La cinquième édition du colloque international ‘Littérature et Paix’ des 16 et 17 septembre 2025 à l’Université de Lomé a porté sur la thématique « Discours sur l’Afrique : rétrospections, formes émergentes et enjeux contemporains de développement durable ». Il a porté sur la lecture et la relecture des textes écrits et oraux sur l’Afrique avec un regard rétrospectif et synchronique pouvant aider à formater les citoyens et les citoyennes à la cause de la paix et des projets de développement au bénéficie des Africains. Cet élan est donné par des nouveaux repères nés des nouveaux regards suscités par les différentes communications au programme. Le colloque a vu la participation des chercheurs, enseignants-chercheurs, doctorants et des experts du monde économique et social venus du Togo, du Bénin, du Burkina Faso, de la Côte d’Ivoire et du Mali autour des communications pertinentes. Pour l’essentiel, ces communications ont abordé une pluralité d’axes thématiques, allant de l’oralité envisagée comme modalité singulière d’écriture en contexte africain, aux écritures féminines et aux discours sur le genre, en passant par l’étude des langues africaines considérées comme vecteurs privilégiés d’affirmation identitaire et de développement.

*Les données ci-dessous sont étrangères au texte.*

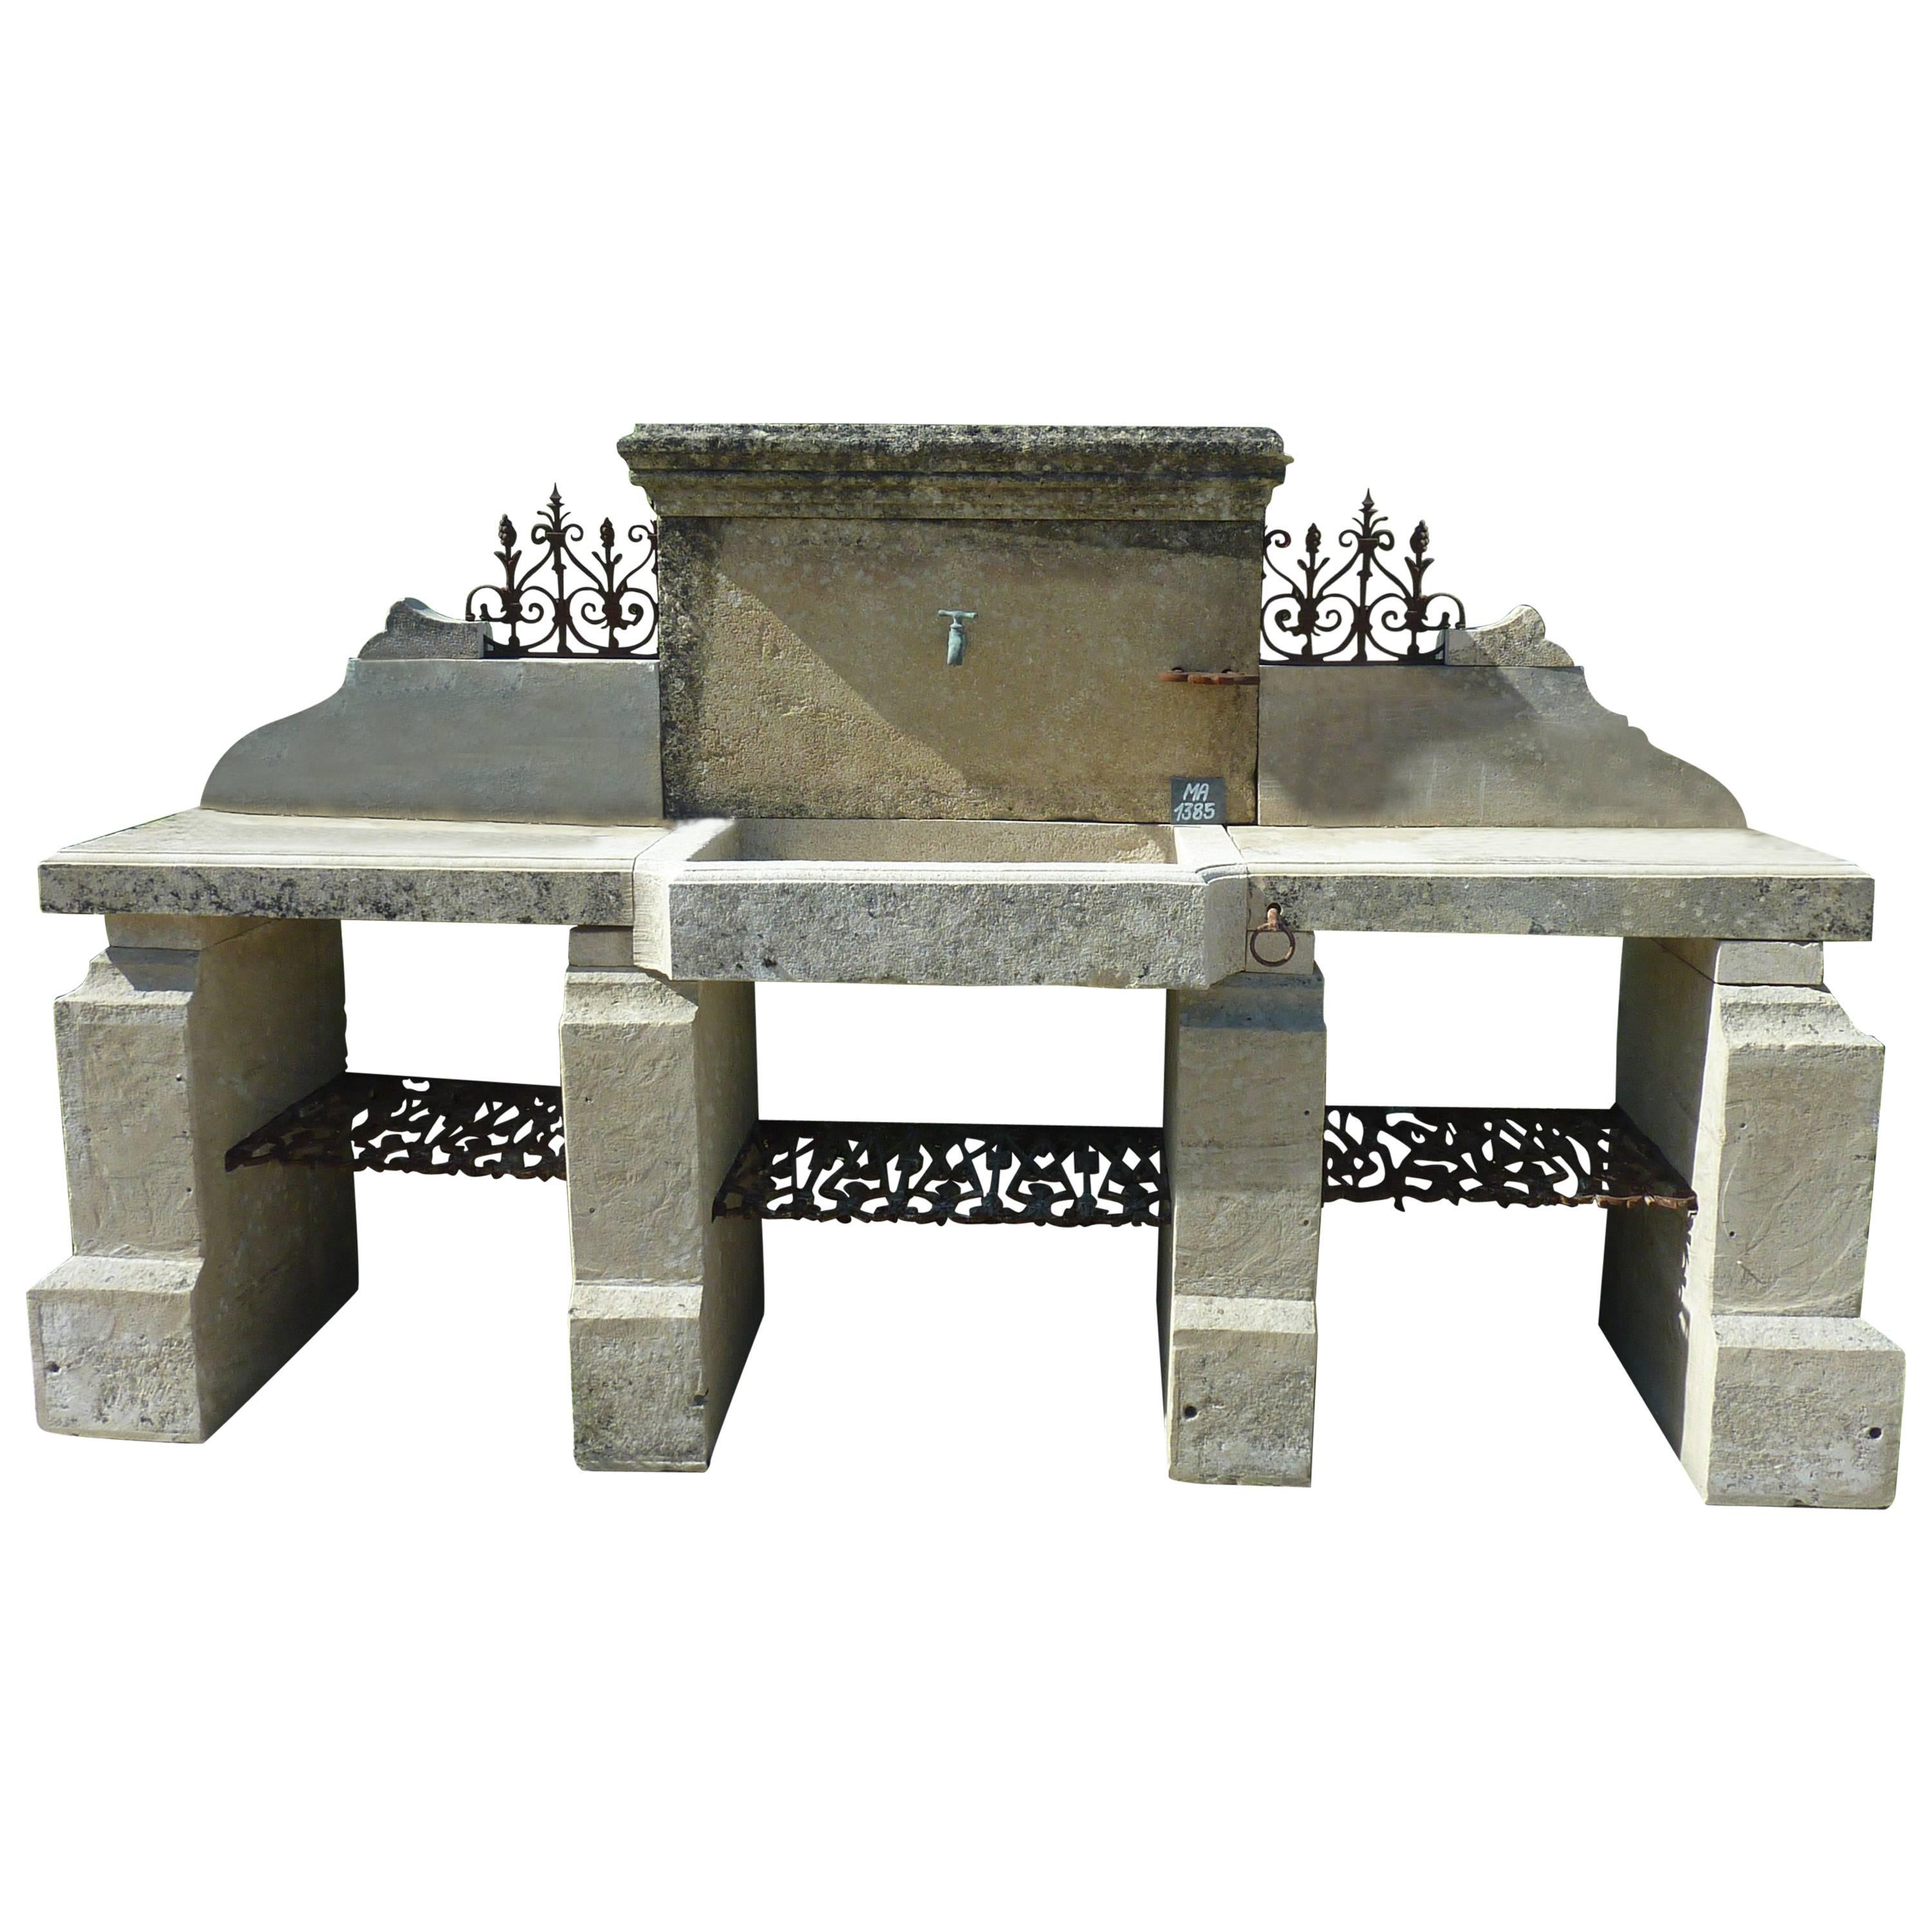 Aged Stone Summer Kitchen with Monolith Sink, Working Plans, Legs and Pediment

La cérémonie d’ouverture du colloque s’est distinguée par une série d’allocutions de haute portée académique. Dans son propos inaugural, le président du comité d’organisation, Dr Damlègue Lare, maître de conférences, a adressé un message de bienvenue aux participants, tout en mettant en exergue la vocation de cette rencontre scientifique à constituer un cadre privilégié de réflexion critique sur les discours africains. Pour sa part, le directeur du LaReLLiCCA, le professeur Ataféï Pewissi, a rappelé avec force l’importance fondamentale que revêtent la littérature et les sciences humaines dans l’éducation à la paix, le renforcement de l’engagement citoyen et l’édification d’un avenir durable pour tous.
Le professeur Essohanam Boko, directeur de la Recherche et de l’Innovation, représentant le président de l’Université de Lomé, a solennellement réaffirmé l’engagement indéfectible de l’institution à soutenir les initiatives scientifiques qui concourent à la valorisation des savoirs endogènes et à l’édification d’une pensée critique africaine.
La leçon inaugurale, intitulée « Discours sur l’Afrique : enjeux du panafricanisme contemporain », a été prononcée par le professeur Mawusse Kpakpo Akue Adotevi, sous la modération du Dr Ayélé Fafavi d’Almeida, Maître de conférences. Dans son exposé, le conférencier a structuré sa réflexion autour d’une interrogation centrale : dans quelle mesure les discours sur l’Afrique, en particulier ceux relatifs au panafricanisme, peuvent-ils contribuer au renforcement du développement du continent ? Il a plaidé avec conviction pour une réappropriation du récit africain par les Africains eux-mêmes, afin que l’image et les représentations du continent cessent d’être façonnées quasi exclusivement de l’extérieur. Illustrant son propos par l’exemple de la Chine, il a mis en lumière la manière dont une nation peut puiser dans son patrimoine culturel les assises de sa gouvernance et de son développement.
Il est apparu que les discours au rendez-vous de la lecture et de l’interprétation peuvent répondre aux défis de notre temps en accouchant des paradigmes innovants, des facteurs de développement, de la paix, synonyme de solutions trouvées aux problèmes humains. Il s’agit notamment de la tolérance, la cohésion sociale, l’inclusion et de la consolidation des acquis pour que le bien ou le mal soit lue dans une logique de compensation réciproque pour freiner le mal.
Par la double entrée académique et sociale, les discours se sont révélés être des pépinières qui permettent de promouvoir des savoirs, des savoir-faire, des savoir-être et des savoir-agir pour solutionner les problèmes existentiels, technologiques, méthodologiques, d’incompréhensions et de division dont la solution attendue reste la paix durable.
La notion de paix durable reste à la fois dans les approches et dans les solutions proposées pour que le panafricanisme et le patriotisme restent la recherche du bonheur, des projets inclusifs et protecteurs de l’intérêt général.